(Directions) Work through the listing below and give again exactly the lines from the one with "discarded cigarette butt on ground" to the one with "Mariupol after the Russian invasion", both ends included. All other lines and all pictures stay out.

(Information supplied)

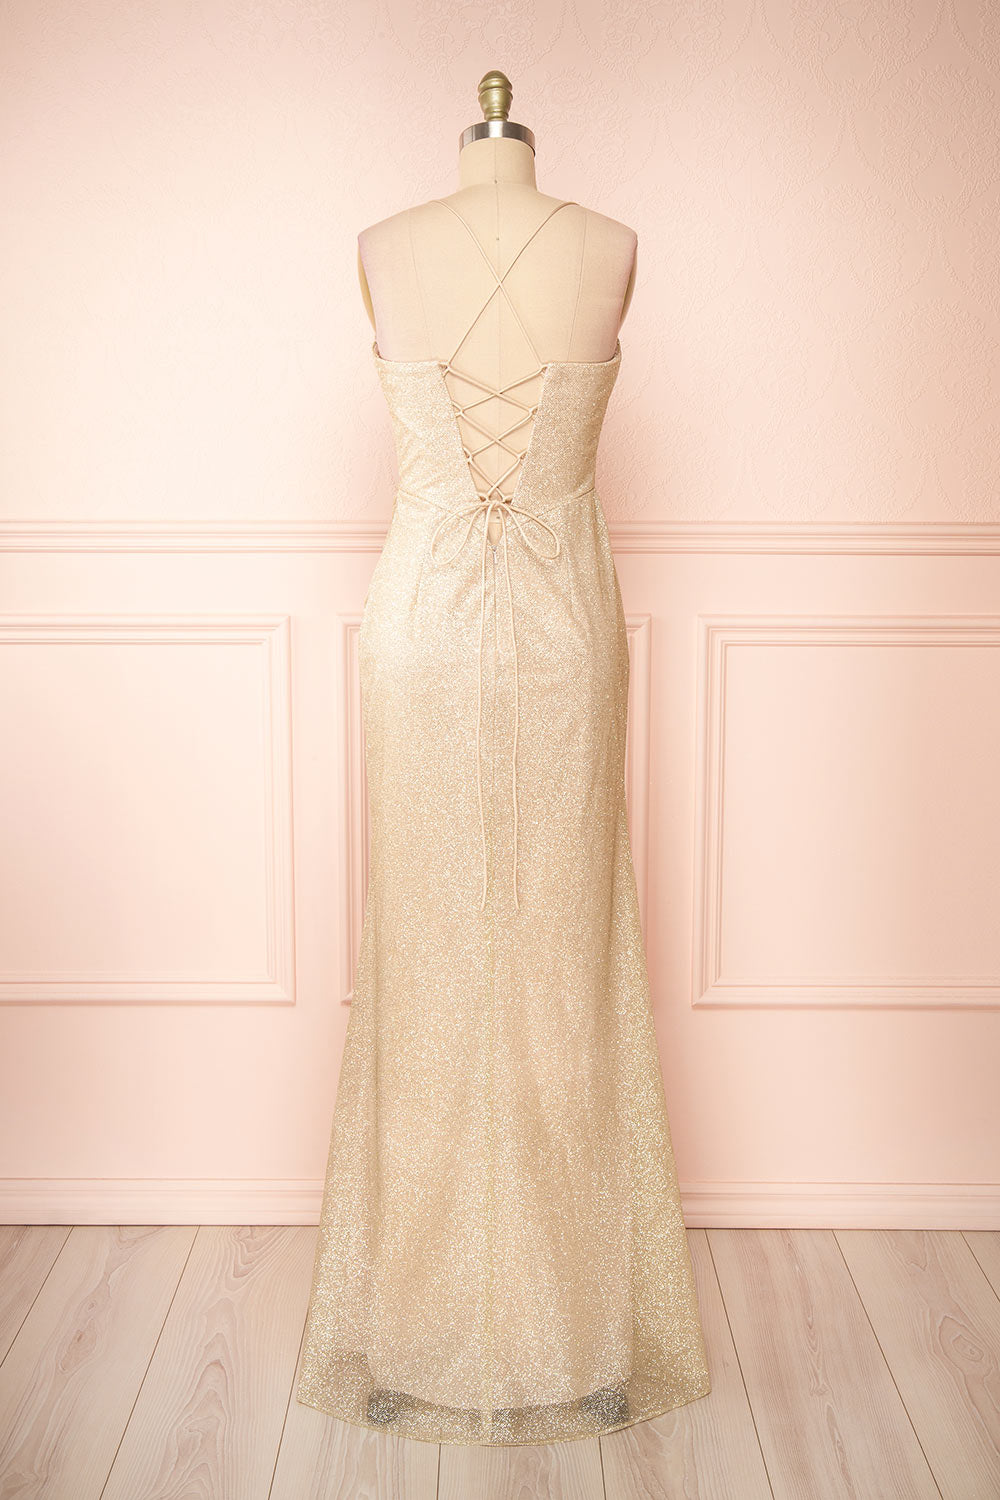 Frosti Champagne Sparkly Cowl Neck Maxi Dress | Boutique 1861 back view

* * *

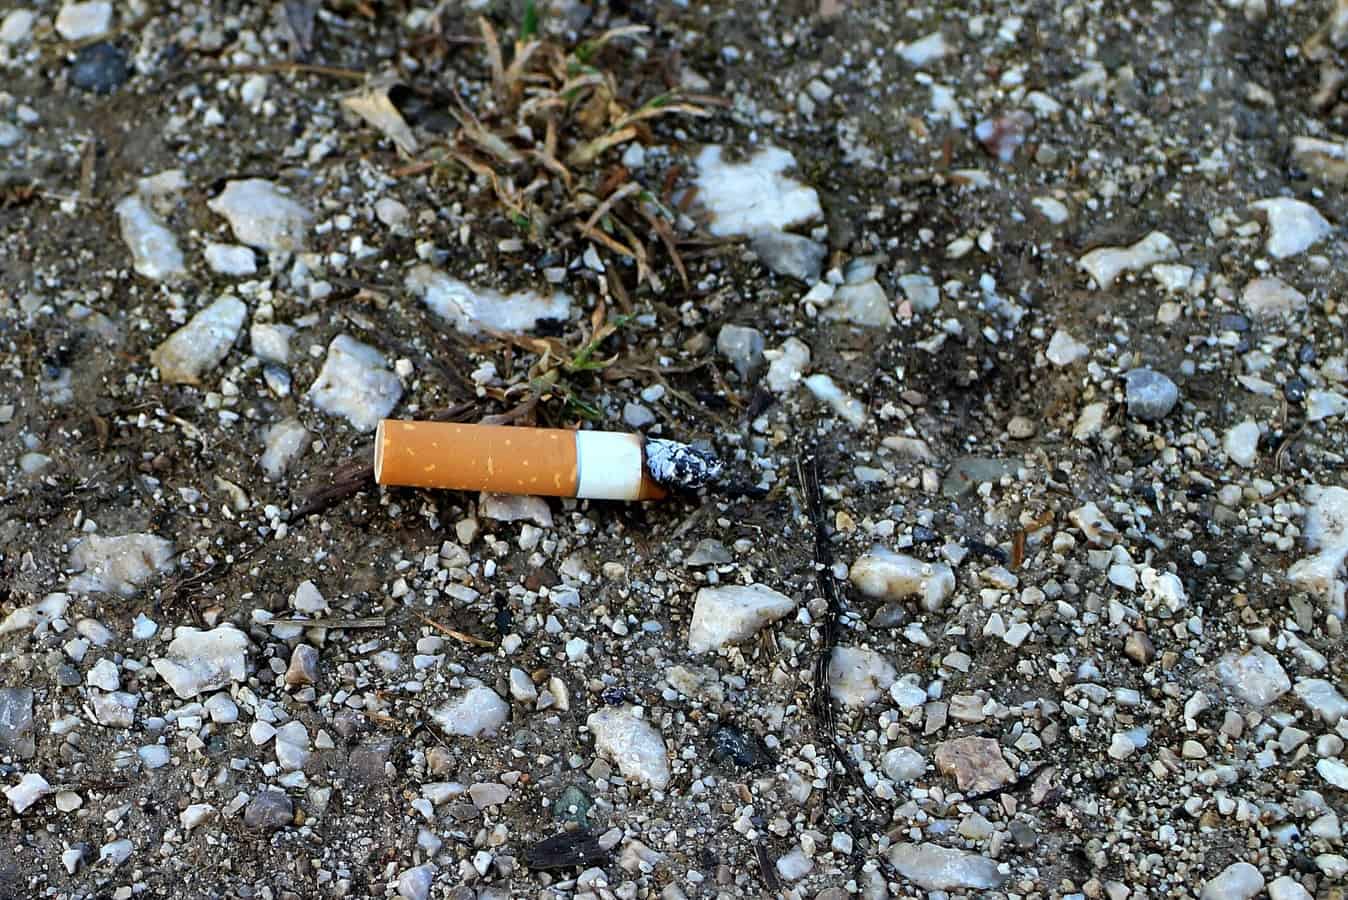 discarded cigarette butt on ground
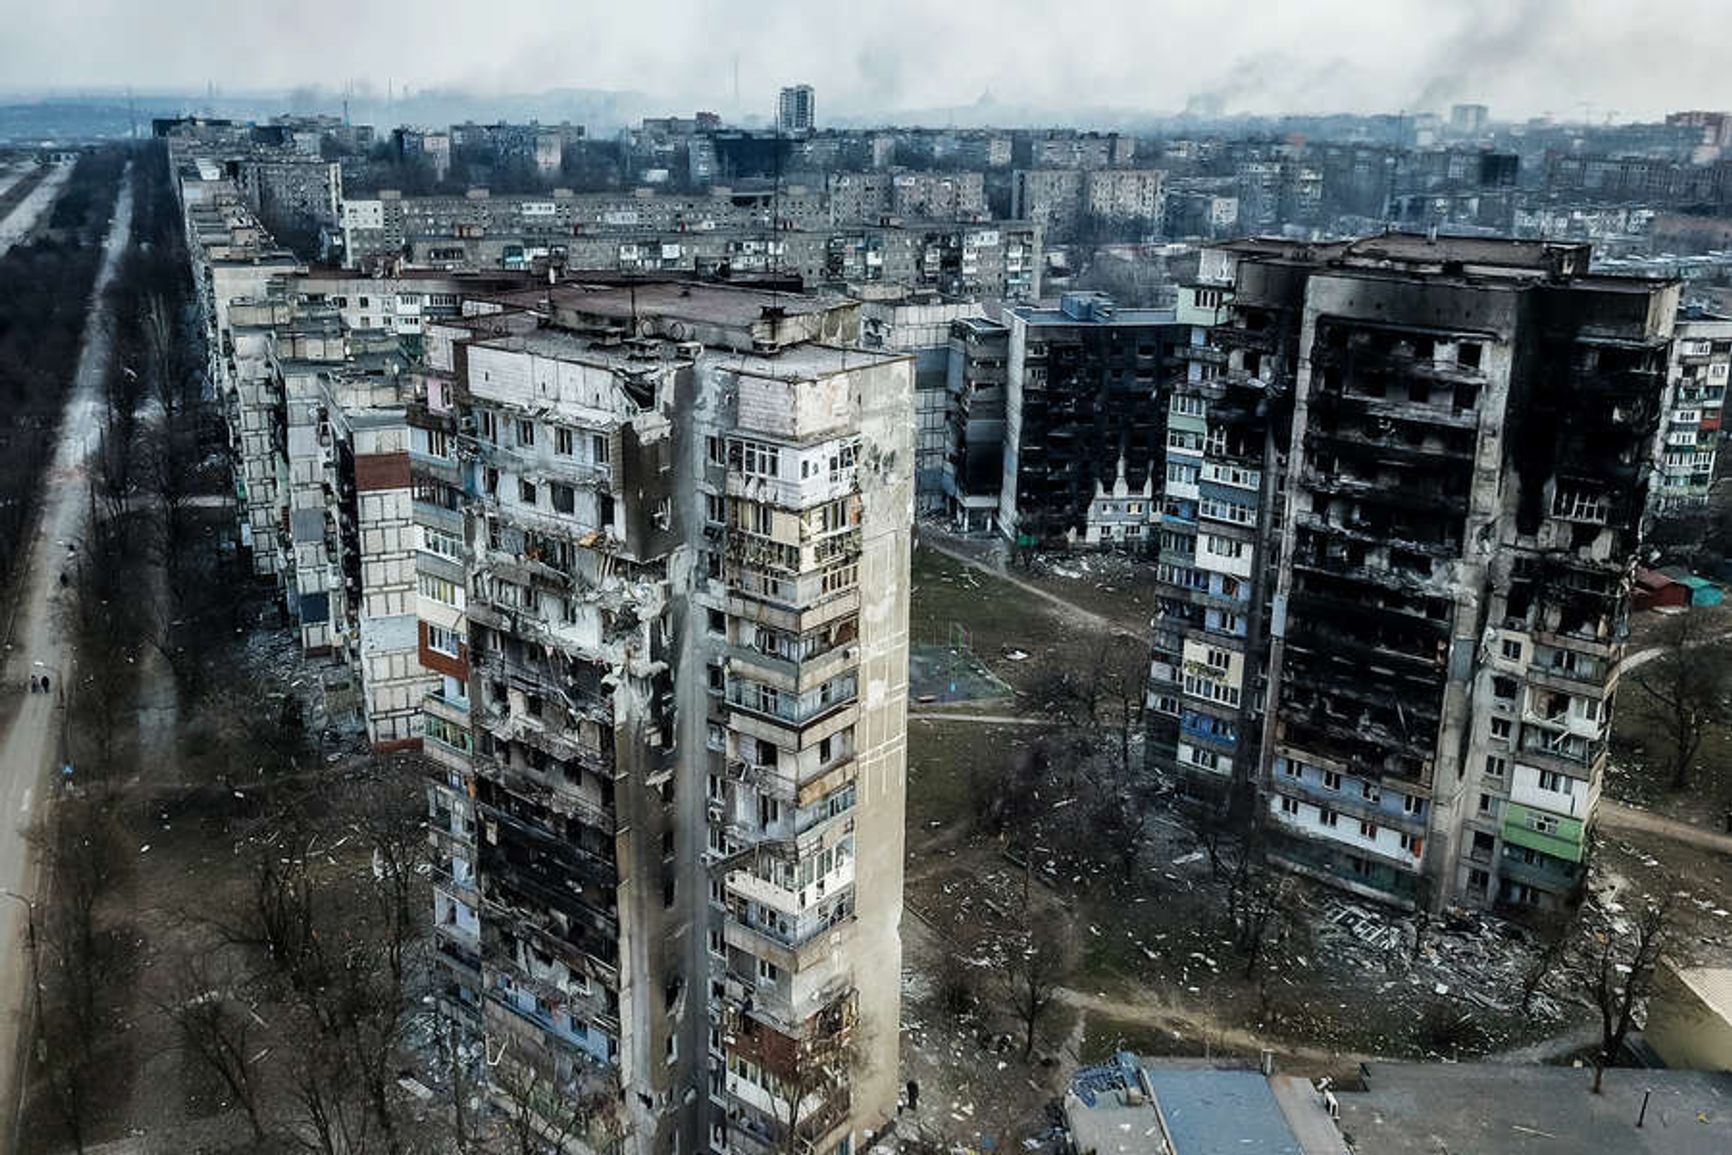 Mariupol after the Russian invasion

(Task response)
 discarded cigarette butt on ground
 Mariupol after the Russian invasion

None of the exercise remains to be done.